As we know, we say a problem satisfies the strong duality, when its optimal duality gap equals 0. Then, when we don’t know whether a problem satisfies the strong duality, if we set the GAMS option optCR to 0, the solving process may never stop and we can never obtain an optimal solution. So, how can I set the option optCR to get an optimal solution for any problem?

You are confusing the duality gap with the optimality gap. These are not at all the same, although with some mental gymnastics I am sure you could make connections between the two.

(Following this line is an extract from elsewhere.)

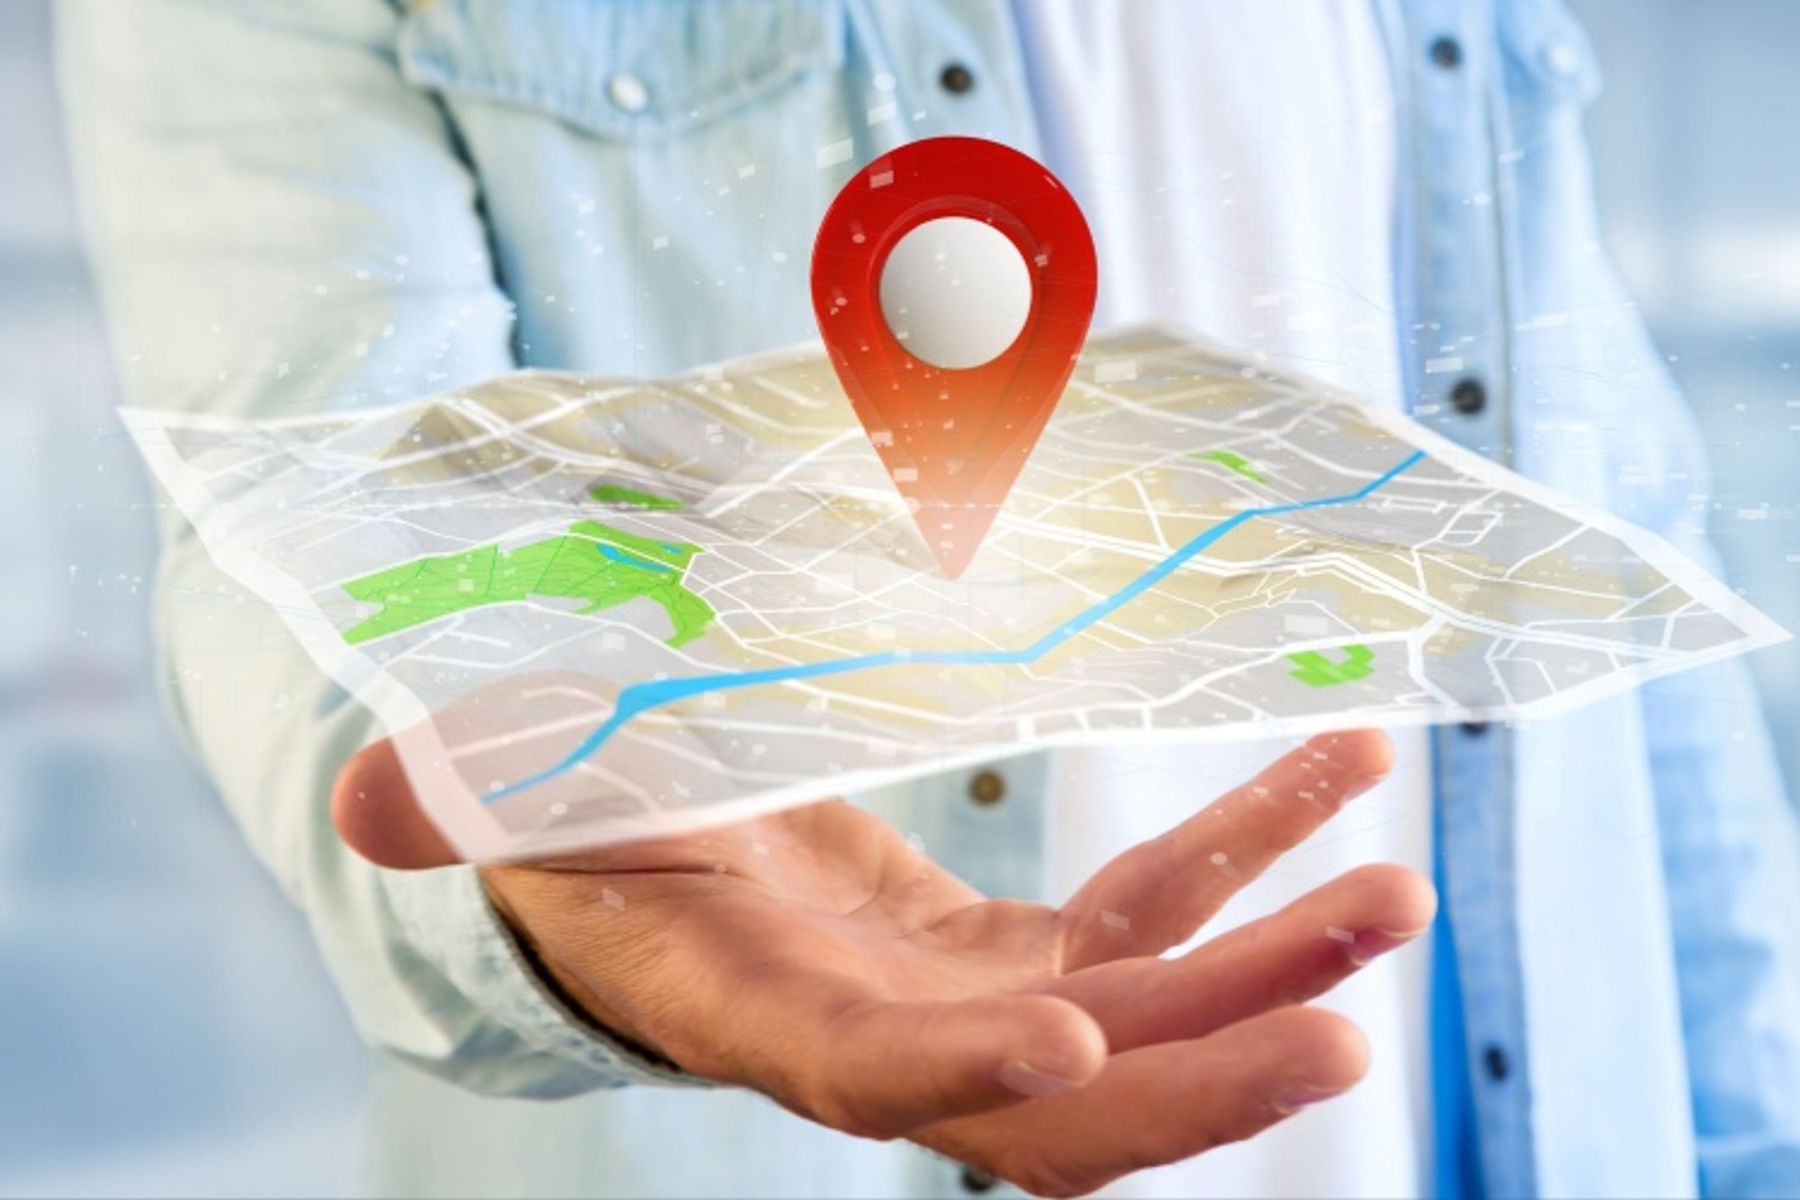 Hyperlocal Advertising: The Cutting Edge in Real Estate Marketing

The duality gap has to do with the difference between the objectives in the primal and dual forms of a model. For example, we have strong duality with LP: primal objective = dual objective.

The optcr setting is a tolerance for the relative optimality gap in a MIP or other discrete model. When solving such models, there is the “best found”, i.e. the objective of the best feasible point found thus far, and the “best bound”, i.e. the tightest bound on the true solution’s objective yet computed. These two values approach each other as the solver searches and tightens. The optcr tolerance lets you quit when they get close enough.

I could write more, but it wouldn’t improve on what is easily available in our docs at:

https://www.gams.com/latest/docs/UG_GamsCall.html#GAMSAOOptCR

HTH,

-Steve

According to your answer, that is to say, for any MINLP, BARON can give its globle optimal solution with the GAMS option “option optCR=0;” as long as it has one, if computing resources are enough. Is it?

Thanks.